While to get an error from mysqli, follow these instructions:
Instead of adding "or die" randomly, you need more robust and helpful error reporting solution.
If you are using mysqli_query() all over the application code without encapsulating it into some helper class, trigger_error() is a good way to raise a PHP error, as it will tell you also the file and the line number where error occurred
$res = mysqli_query($mysqli,$query) or trigger_error(mysqli_error($mysqli)."[$query]");
in all your scripts
and since then you will be notified of the reason, why the object weren't created.
(If you're curious of this or syntax, I've explained it here - it also explains why you have (1) in the error message)

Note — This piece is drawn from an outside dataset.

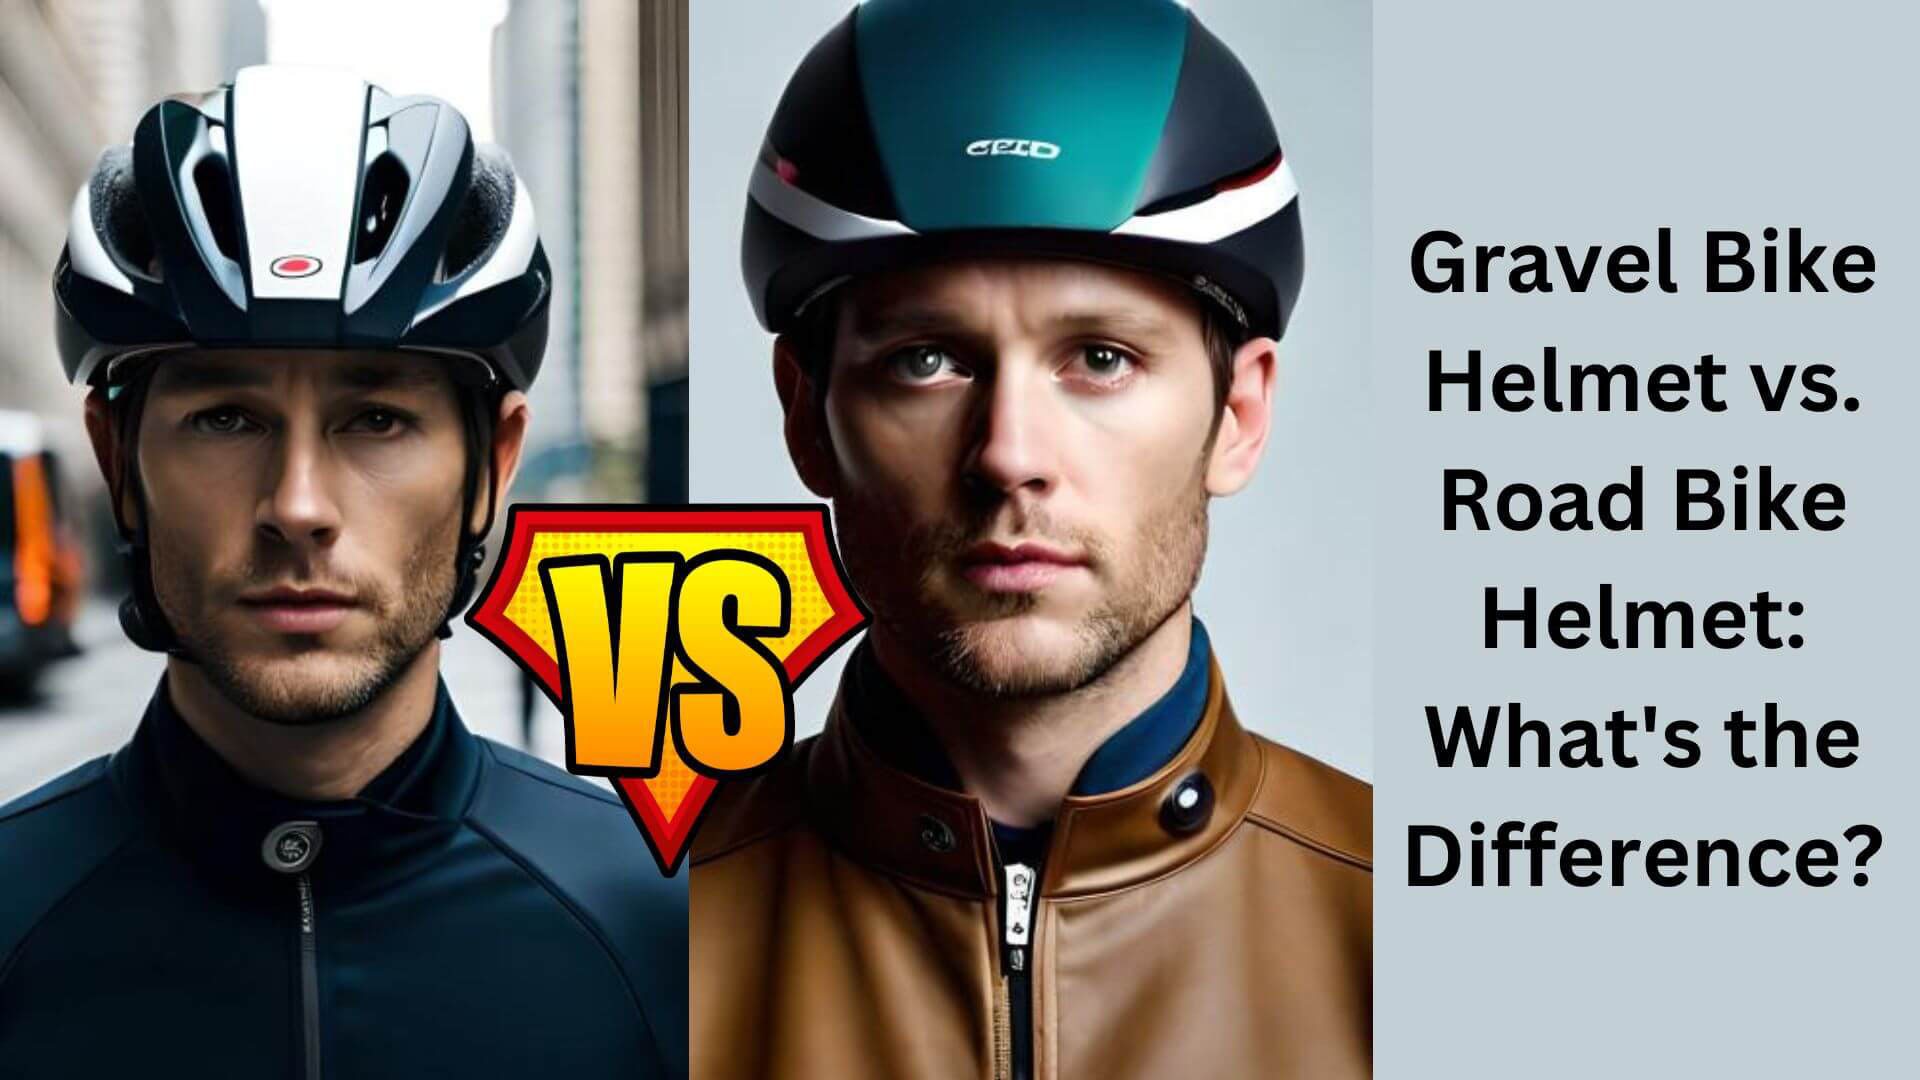 Gravel Bike Helmet vs. Road Bike Helmet: What's the Difference?

However, if you're encapsulating your query into some class, file and line from trigger error will be quite useless as they will point to the call itself, not the application code that caused certain problem. So, when running mysqli commands encapsulated, another way have to be used:
$result = $mysqli->query($sql);
if (!$result) {
throw new Exception($mysqli->error." [$query]");
}
as Exception will provide you with a stack trace, which will lead you the the place from which an erroneous query were called.

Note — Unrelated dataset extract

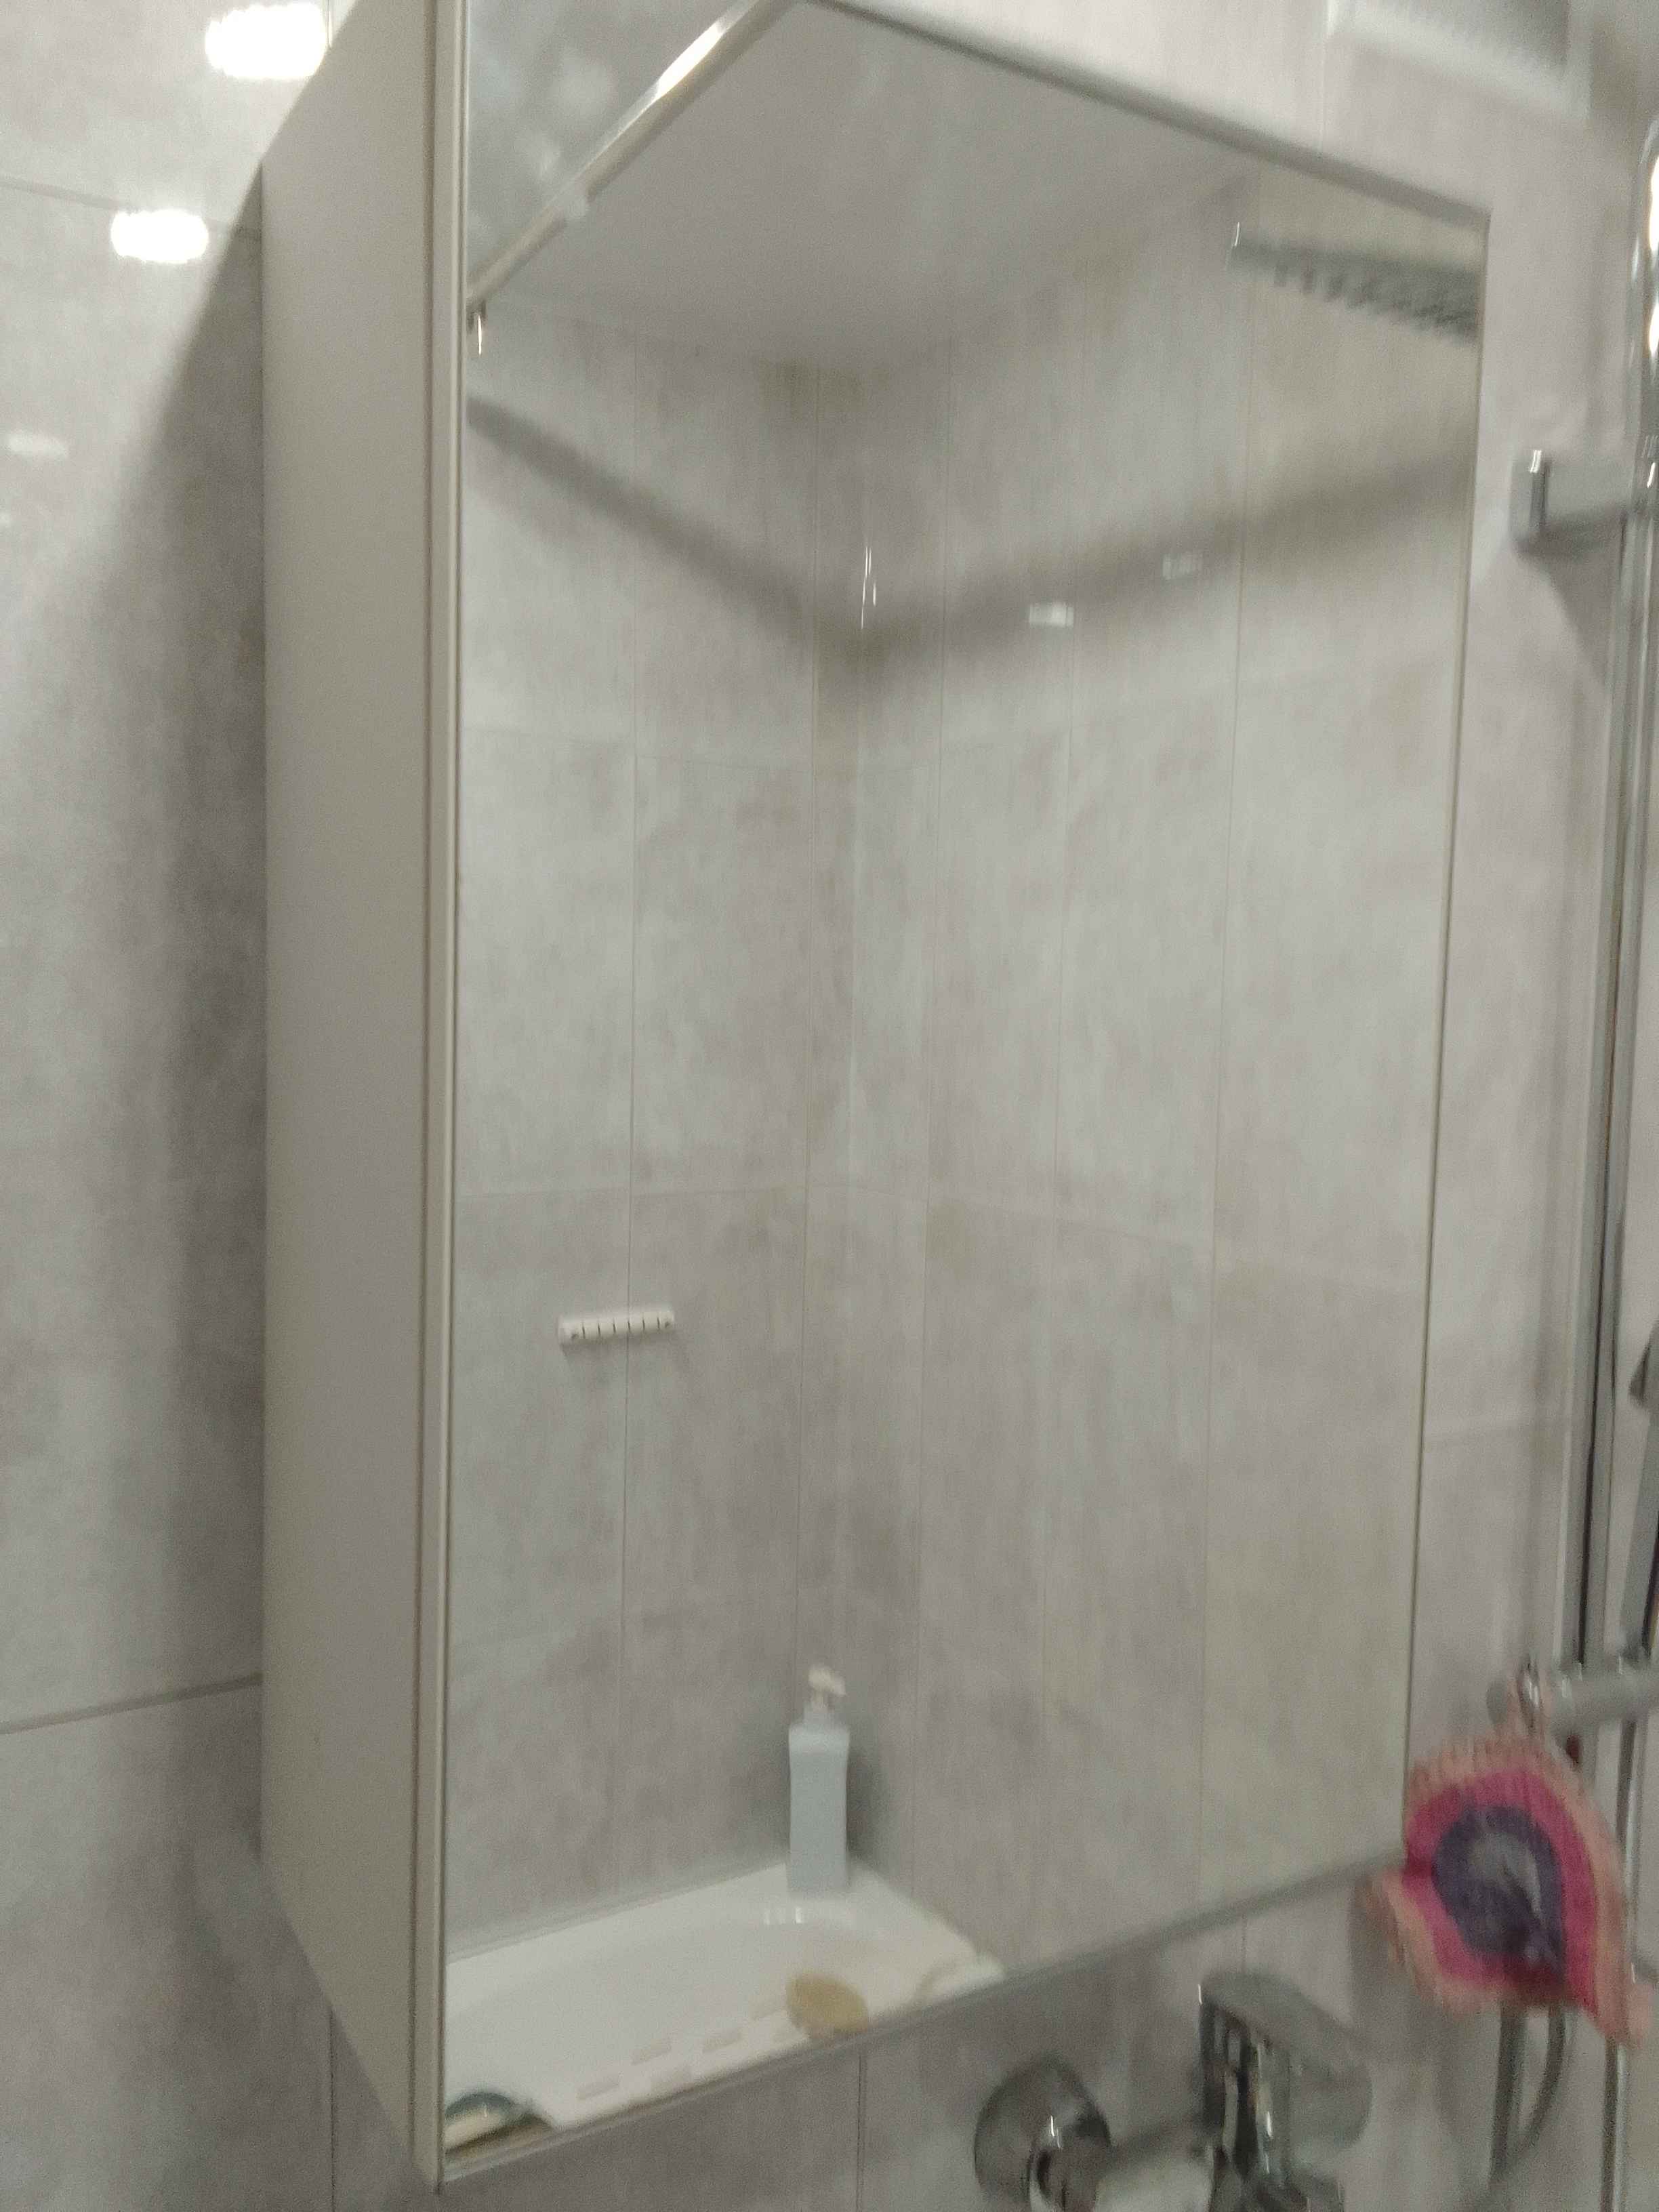 Сборка и навеска зеркального шкафа в ванной комнате

Note that you have to be able to see PHP errors in general. On a live site you have to peek into error logs, so, settings have to be
error_reporting(E_ALL);
ini_set('display_errors',0);
ini_set('log_errors',1);
while on a local development server it's all right to make errors on screen:
error_reporting(E_ALL);
ini_set('display_errors',1);
and of course you should never ever use error suppression operator (#) in front of your statements.